I'm after some books on chair making. Never made a chair but keen to give it a whirl.

Mostly using hand tools but have some electric ones (and sporadic weekend access to a full commercial workshop).

Been inspired a bit by the Sam Maloof book (from Kodansha publishers) but keen to start small rather than go large, fail spectacularly and never look at chairs again....

Sooo any recommendations on good books for chair making / primers for chair building...

Thanks
Ed


----------



## wizer (25 Oct 2009)

Have a look at this video series:

http://www.finewoodworking.com/chair-wo ... /index.asp


----------



## JWF (25 Oct 2009)

Designing and Building Chairs.

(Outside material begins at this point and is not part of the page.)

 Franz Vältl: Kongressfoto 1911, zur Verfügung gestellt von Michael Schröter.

One of Fine Woodworking books.
John


----------



## JoinerySolutions (26 Oct 2009)

Jack Hills Country Chair Making, ISBN 0-7153-8767-7.
Takes you from stools to Windsor and Rocking chairs.
Probably the best chair book I have seen and used.


----------



## OPJ (26 Oct 2009)

I bought Jeff Miller's Chairmaking and Design not long ago and it's been invaluable. Great advice and good designs featured of existing chairs.

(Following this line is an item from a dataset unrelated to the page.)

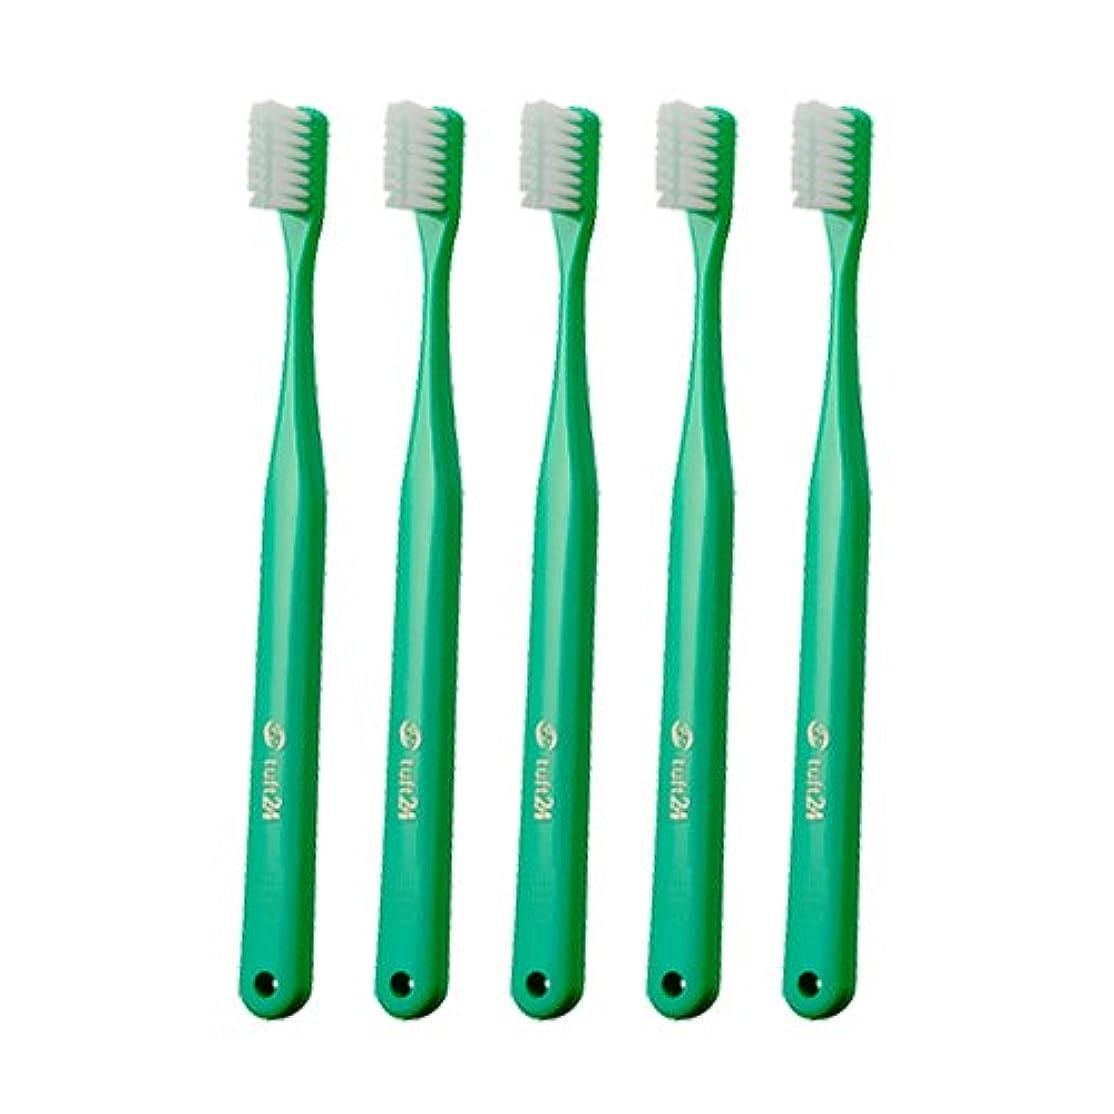 発表暫定のタイトルオーラルケア タフト24 歯ブラシ MSキャップなし 25本入 グリーン

I also have the one mentioned by JWF.


----------



## EdK (28 Oct 2009)

Thanks for the advice - I'll give them all a try 
Ed


----------



## JeremyM (28 Oct 2009)

Drew Langsners book the chairmakers workshop is good but soley about Windsor chairs.

Jeremy


----------



## artHarris (4 Nov 2009)

As a chairmaker of many years standing, I have looked at many books, but found none which added to what I taught myself. I only make jointed chairs, not Windsor (turned) chairs and only use mortise and tenon joints, never dowels. 
Over the years I have published in the woodworking magazines, and have had many enquiries and follow-up calls. If you can find those articles, you might find them interesting. Send me a personal e-mail, and I will give you my true name!


----------



## Soulfly (4 Nov 2009)

1000 Chairs published by Taschen is quite fascinating.


----------



## Ironballs (4 Nov 2009)

Perhaps narrow your search down a bit first, I'm doing my first chair at the minute. As I'm not a lathe-ist or done any steam bending I'm following a plan for a Stickley Morris chair, all flat sections and M&T joints.

If I enjoy it I might follow a plan for a more curvy chair and then design my own. Agree that Maloof is a fantastic inspiration, however if I tried to do my own interpretation now it would look like a dogs buttocks and probably collapse on first sitting!


----------